La Selección Argentina firmó una de las páginas más épicas y sufridas en lo que va del Mundial 2026, logrando una clasificación agónica en un vibrante partido que terminó 3-2 a nuestro favor tras una remontada histórica. Al sonar el silbatazo final, la imagen de Lionel Messi quebrado en llanto, derramando lágrimas de pura alegría sobre el césped, conmovió a millones de argentinos que sufrieron a la par del capitán.
El encuentro fue una verdadera montaña rusa de emociones para la Scaloneta, que arrancó perdiendo 2-0 y tuvo que sacar a relucir toda su mística para dar vuelta el marcador en un contexto de altísima tensión.

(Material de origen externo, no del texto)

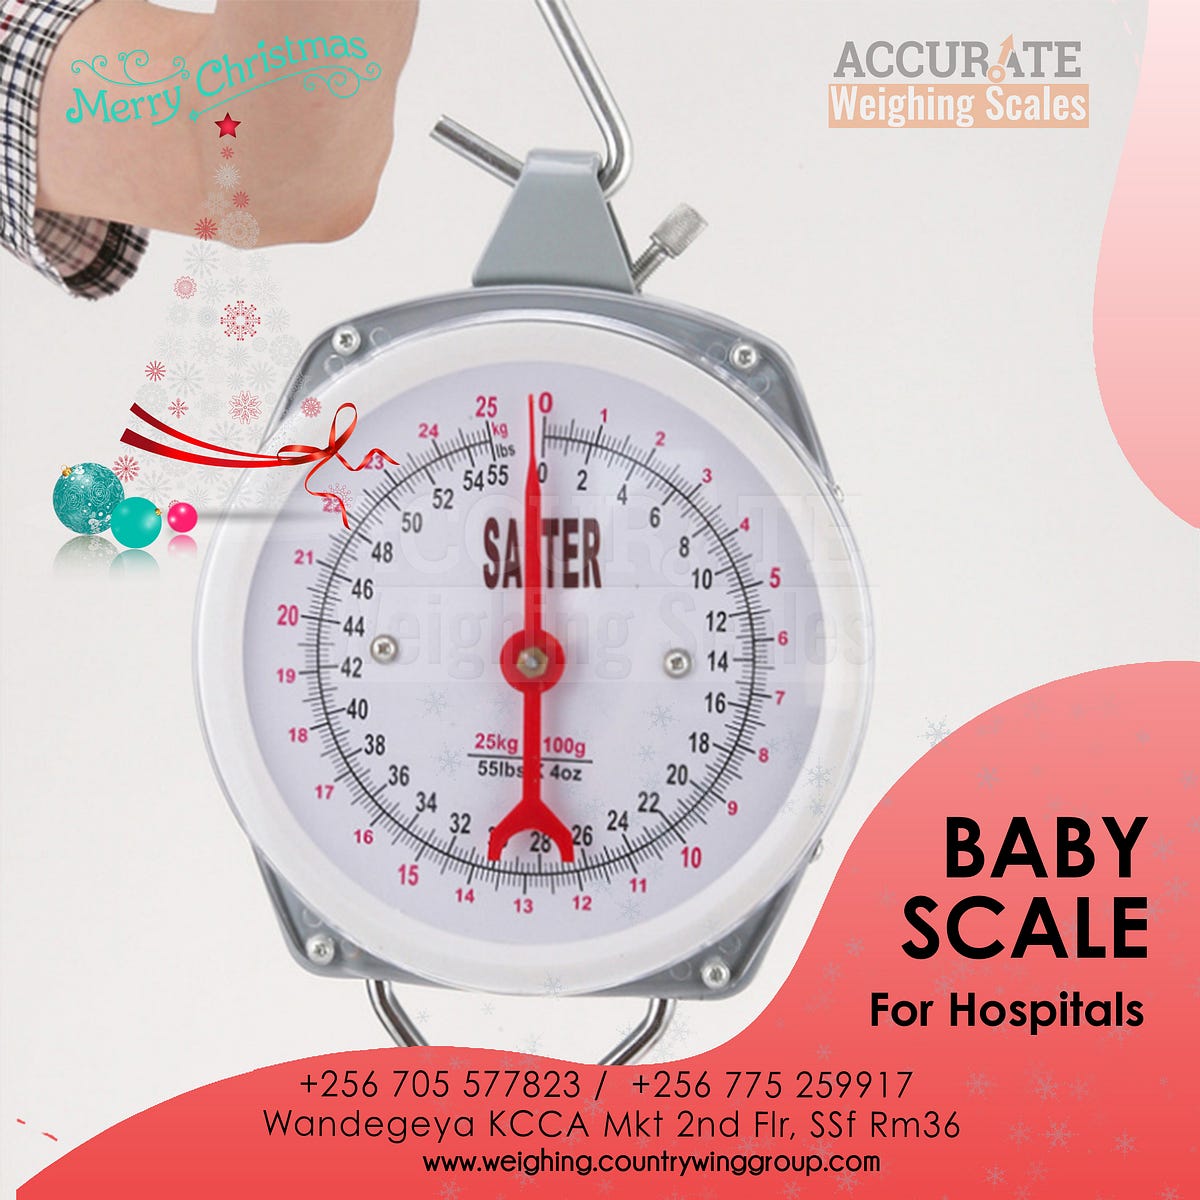 Where to get buy an electronic baby weighing scales in Kampala Uganda

EL LLANTO DESCONSOLADO DE MESSI.
MIRÁ LO QUE ES ESA IMAGEN. 🥹🇦🇷 pic.twitter.com/wuDDbIHUPl
— Sudanalytics (@sudanalytics_) July 7, 2026
El calvario de Messi en la cancha y el desahogo a los 90 minutos
Para el astro rosarino fue un partido particularmente difícil en lo futbolístico y en lo mental, cargando con una mochila pesadísima que logró sacarse sobre el final. En el momento más crítico del encuentro, a Messi le tocó errar un penal que pudo haber cambiado el rumbo antes. Le costó muchísimo reponerse del golpe anímico mientras el reloj avanzaba implacable.
Cuando las esperanzas empezaban a desvanecerse, el “Diez” apareció en toda su dimensión y marcó el gol del empate 2-2 casi a los 90 minutos de juego, desatando la locura en las tribunas y dándole una vida más al equipo.
Con el envión anímico del empate agónico, la Selección empujó con el alma y terminó sellando el 3-2 definitivo para consumar una remontada que parecía imposible tras el complicado escenario inicial.
El drama familiar que golpeó al capitán durante el Mundial
Las lágrimas de Leo al finalizar el partido no fueron solo por el desarrollo del juego; el capitán traía un desgaste emocional enorme acumulado durante toda la competencia. A lo largo del torneo, el futbolista sufrió la circulación de fuertes rumores sobre la salud de su papá, Jorge Messi, donde muchos medios y usuarios en redes sociales llegaron de manera irresponsable a afirmar que había muerto.
Afortunadamente, su padre logró recuperarse, pero el impacto de esa fake news caló hondo en la intimidad del jugador. Este desahogo llega también tras un andar muy complejo en el certamen, donde el equipo ya venía de sufrir al límite en el compromiso previo contra Cabo Verde, un encuentro durísimo que también se ganó por 3-2 recién en el tiempo extra. Con la clasificación en el bolsillo y la verdad sobre la mesa, Messi pudo llorar, esta vez, de absoluta felicidad.